Segment Start: INPUT DATA

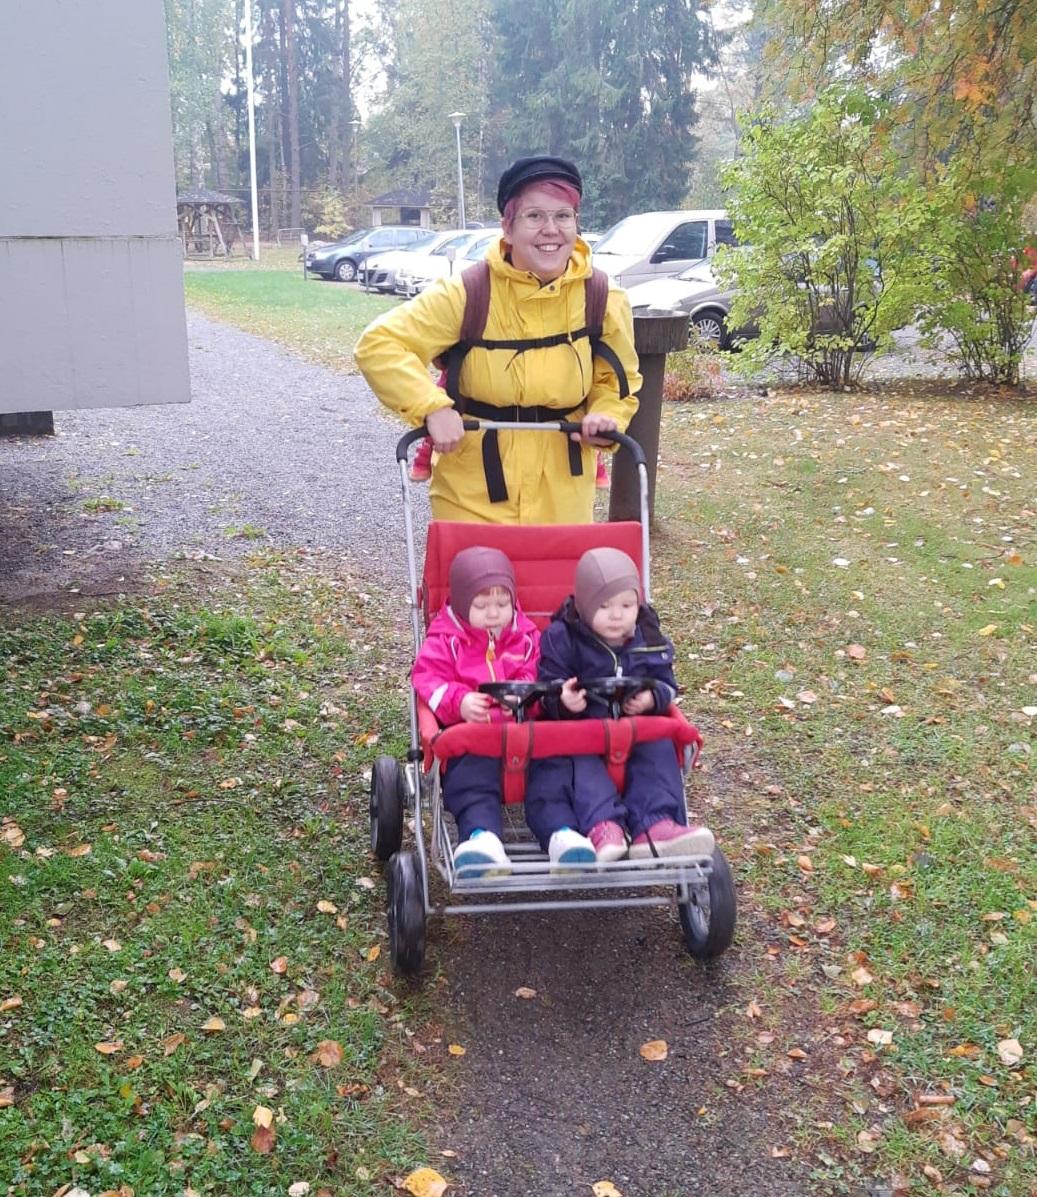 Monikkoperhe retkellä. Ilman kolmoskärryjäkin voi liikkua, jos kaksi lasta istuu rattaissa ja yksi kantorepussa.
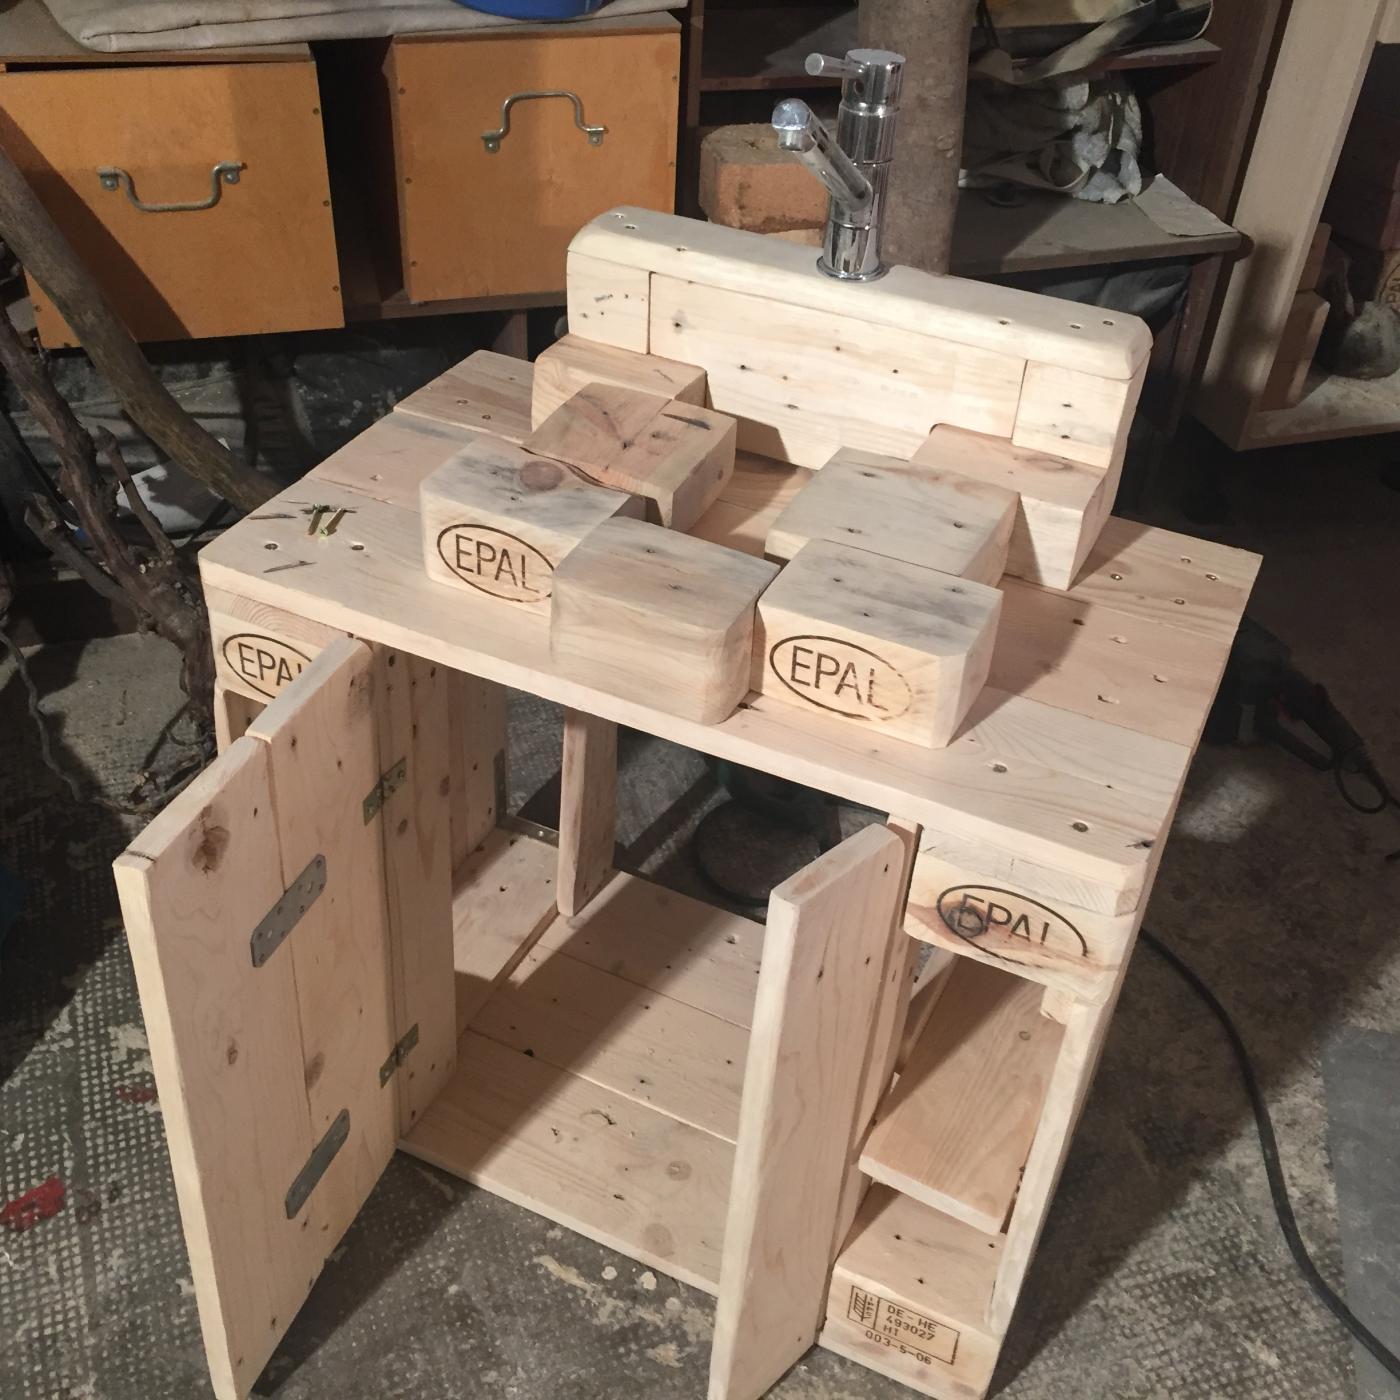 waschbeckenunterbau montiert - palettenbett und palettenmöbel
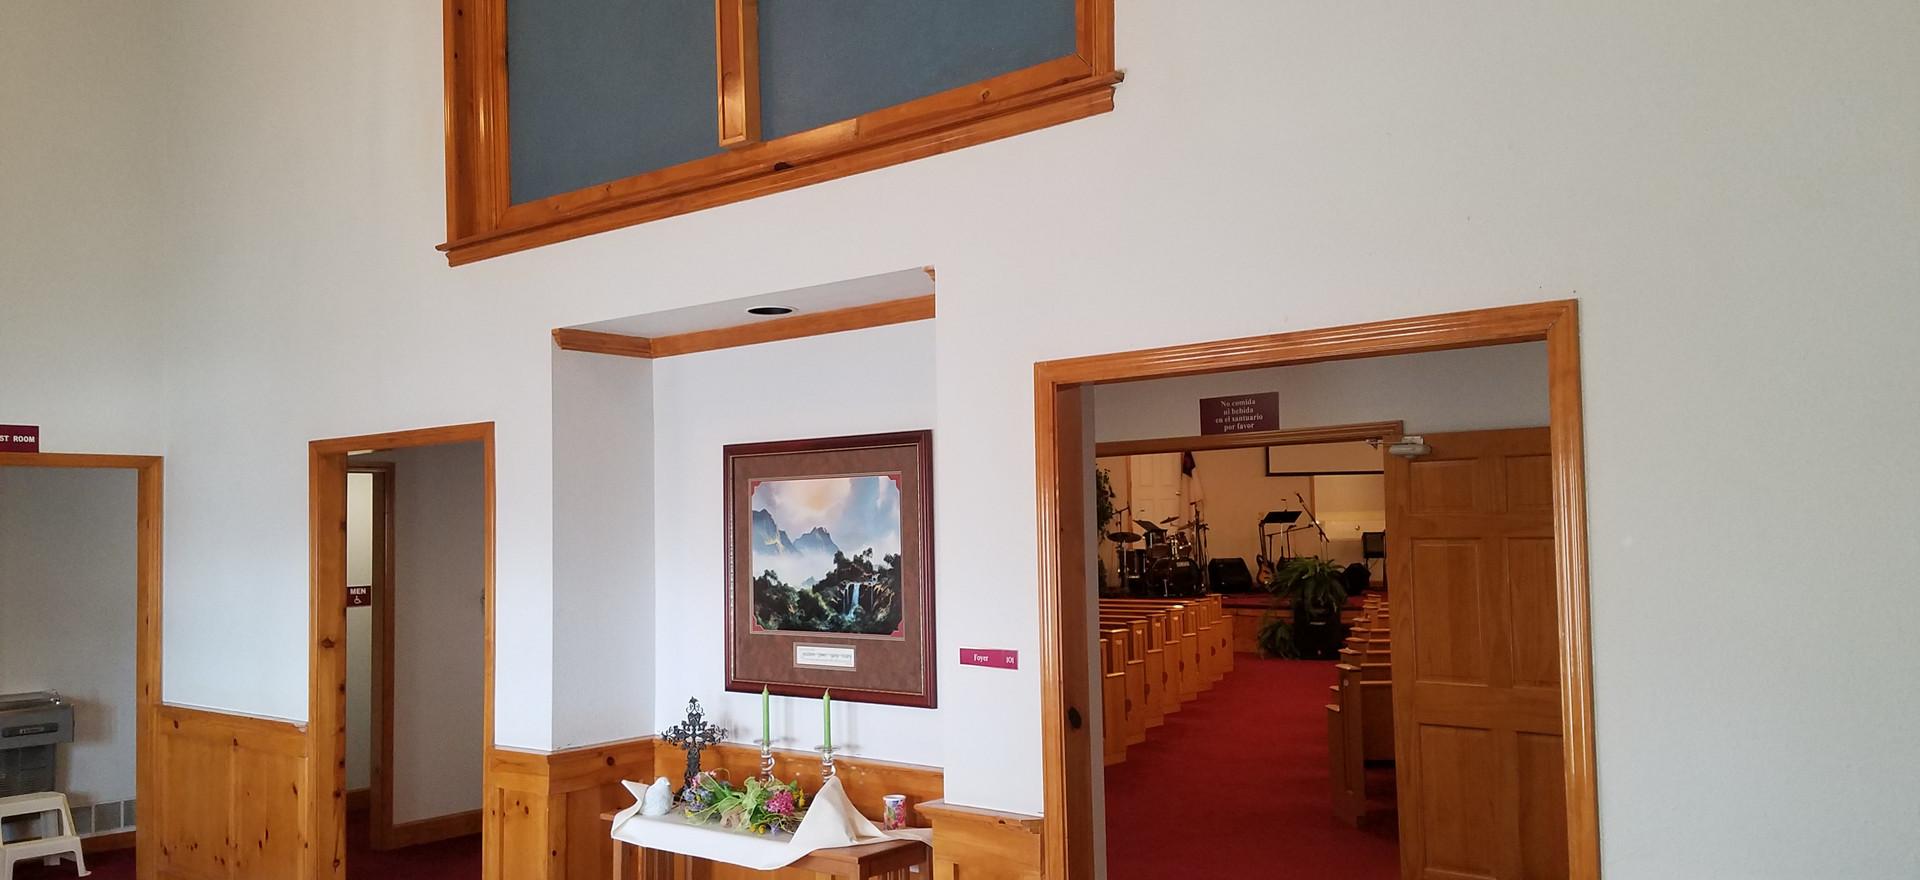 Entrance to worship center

Segment End: INPUT DATA

Any picture in the material is to be left out, and everything else is to be retyped as is.

 Monikkoperhe retkellä. Ilman kolmoskärryjäkin voi liikkua, jos kaksi lasta istuu rattaissa ja yksi kantorepussa.
 waschbeckenunterbau montiert - palettenbett und palettenmöbel
 Entrance to worship center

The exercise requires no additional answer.